Stupida, stupida, stupida. Non devi fidarti delle persone e soprattutto non puoi rimanere così male per i comportamenti di Mikael.
È tutto ciò che continuo a ripetermi da quando lui è andato via.
Ora sono in bagno e dopo essermi lavata, mi vesto.
Non posso non notare che mio padre deve aver portato dei vestiti da casa.
Non sono quelli che ho portato dagli Harrison e non sono nemmeno quelli che mi ha comprato Diana.
Erano rimasti nel mio armadio.
In fondo al borsone non posso fare a meno di notare che c'è il pupazzo che mi ha regalato la mamma quando ero piccola.
Gli occhi si riempiono di lacrime ed alcune cadono direttamente sul pupazzo.

"Manca anche a me. Ogni giorno, ogni ora" è la voce di mio padre quella che proviene dalla porta, ma io ancora non l'avevo chiamato.
"Come mai sei qui?"
"Mi ha chiamato Mikael.
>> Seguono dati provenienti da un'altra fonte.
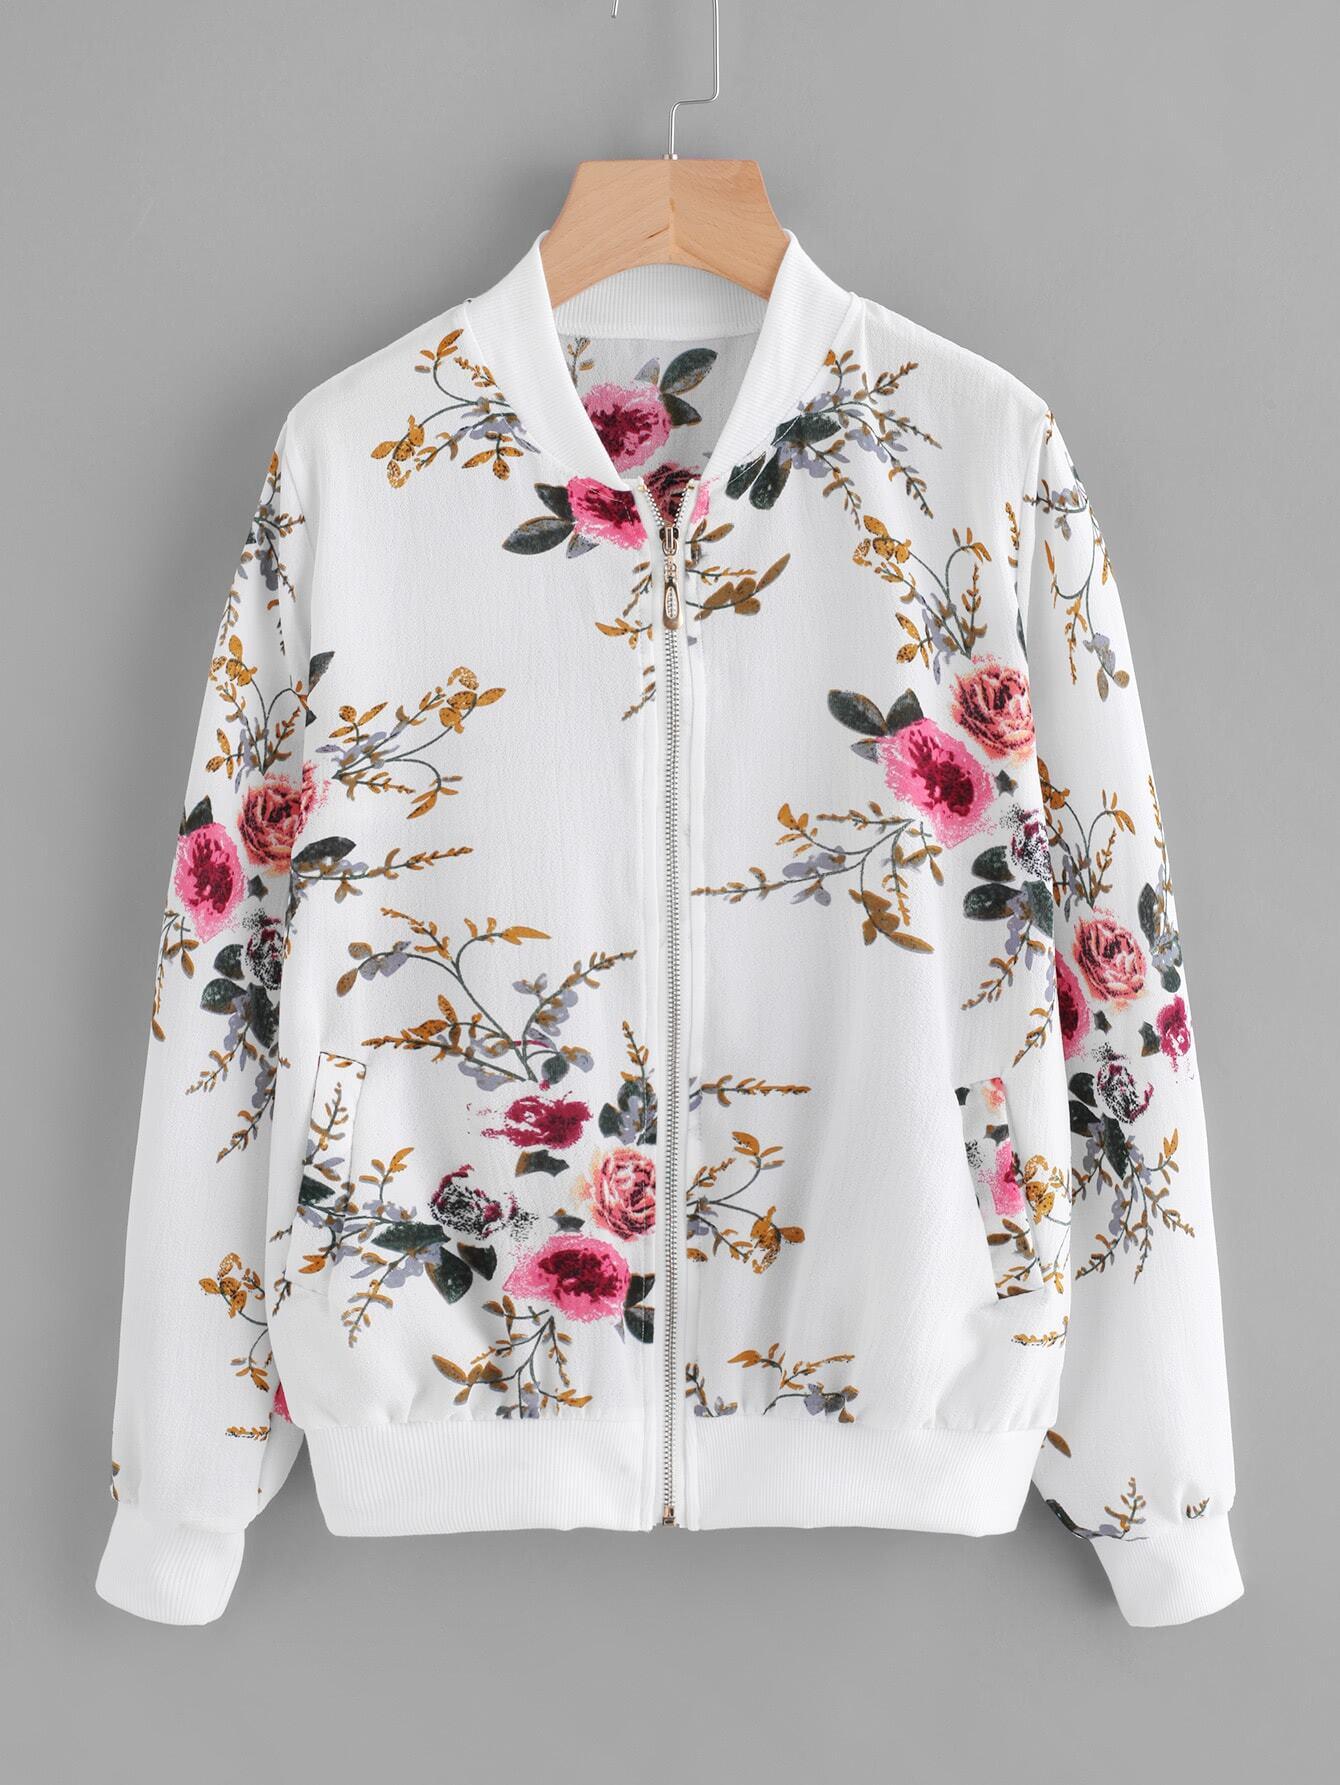 Ribbed Trim Botanical Print Jacket contrast ribbed trim jacket

Mi ha detto che eri sveglia e che chiedevi di me" si guarda attorno "Dov'è?" 
"Se n'è andato. L'ho mandato via"
"Isabelle" mi rimprovera "non sai nemmeno quello che ha fatto per te in questi giorni-"
"Si, è vero non lo so. Ma so quello che ha fatto da quando mi sono svegliata"
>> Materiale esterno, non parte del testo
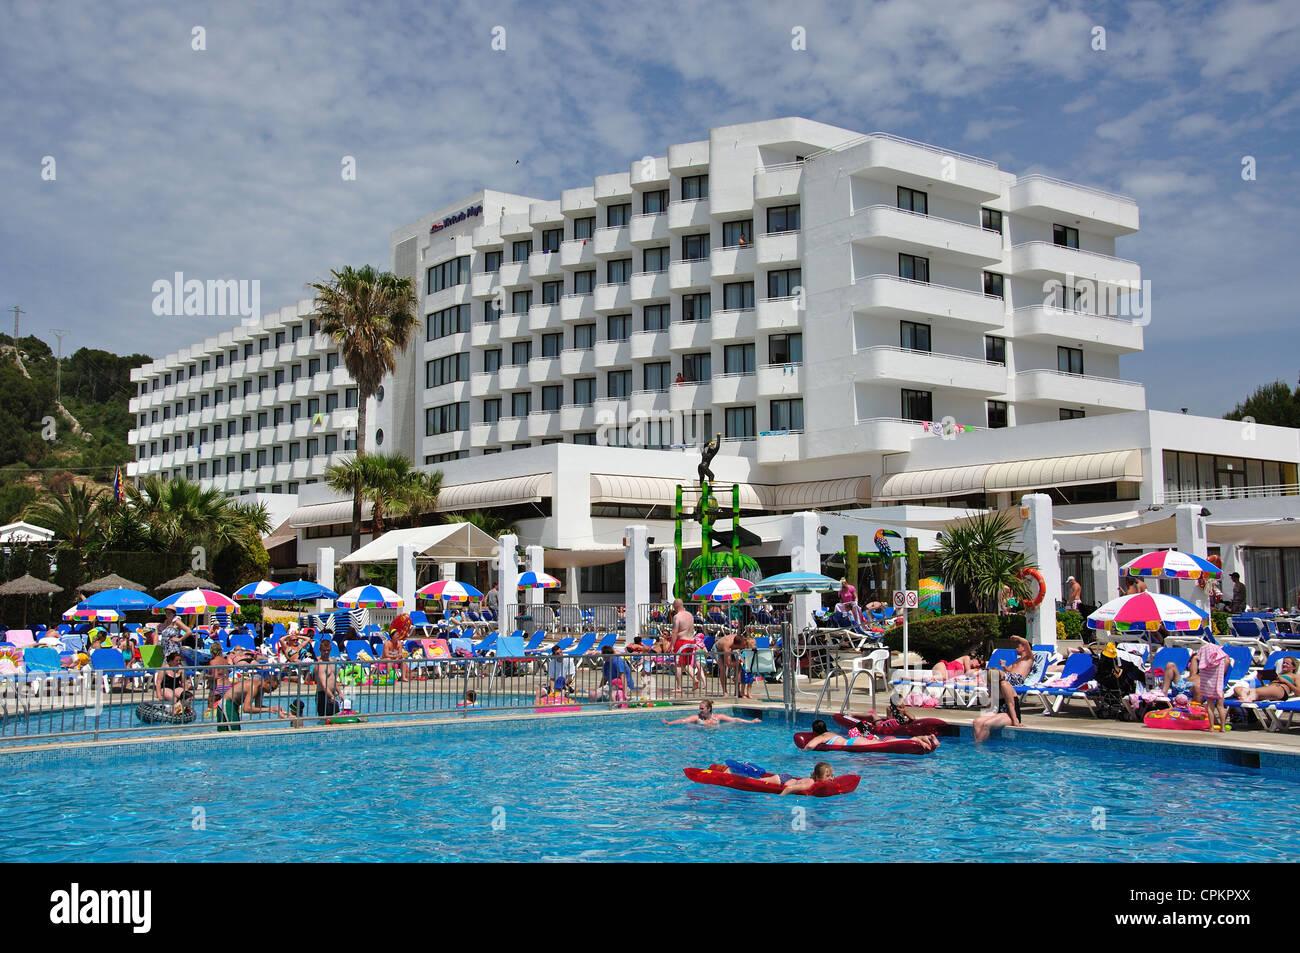 Crowded swimming pool at hotel victoria playa sant tom s - Least crowded swimming pool singapore ...

"Che è successo?" Fa un sospiro, come se fosse esausto. Peccato che non è lui quello che dovrebbe esserlo.
"Niente di diverso. Ho solo avuto l'ennesima conferma che mi hai condannato ad una vita dalla quale non posso scappare, che non voglio"
"Io l'ho visto in questi giorni con te e-"
"Non dire niente. Perché sei qui?"
"Te l'ho detto."
"E da quando ti importa di me?"
"Da quando sei nata"
"Ma per favore" sbuffo
"Puoi anche non crederci ma è così, Isabelle"
"Smettila di mentire. Sei stato un padre decente fino a che non è morta la mamma. Dopo di lei è andato tutto a rotoli."
"Ti sono sempre stato accanto e sono sempre tuo padre. Indipendentemente da come mi chiami"
"Ti chiamo Alexander proprio perché mio padre è morto insieme a Camille. Quello era mio padre, questo che ho davanti non so chi sia. Sposarmi per amore era il mio unico modo per avere qualcuno accanto che mi amasse e per sentirmi meno sola al mondo. Mi hai tolto anche questo"
"Isabelle" non lo ascolto. Deve capire una volta per tutte quello che ha fatto.
"Non ho una madre, non ho un padre, non ho fratelli né familiari. Non posso avere una famiglia mia. Una persona accanto che mi ami davvero, non per soddisfare i punti di un contratto. Magari in futuro avrei avuto dei figli che avrei amato incondizionatamente e non avrei mai abbandonato, proprio perché so come ci si sente. Ma come ho già sottolineato più volte. Mi hai tolto anche questo."
"Puoi prendertela con me quanto vuoi, ma io so che quello che sto facendo è giusto. So di essere rimasto tuo padre, non sono un Alexander qualunque. Sono Alec, sono il papà a cui tiravi i pantaloni la mattina mentre preparavo la colazione perché avevi fame, quello a cui ti sei aggrappata, con la tua manina minuscola, pochi attimi dopo essere nata, sei la bambina a cui ho insegnato a non aver paura di togliere le ruote alla bicicletta, e che se cade può sempre rialzarsi e ripartire più forte di prima. Più sicura di se.
Sei la stessa bambina che non mi lasciava andare a dormire se non mi sdraiavo accanto a lei la notte, aspettando che si addormentasse. Sei mia figlia ed io sono tuo padre."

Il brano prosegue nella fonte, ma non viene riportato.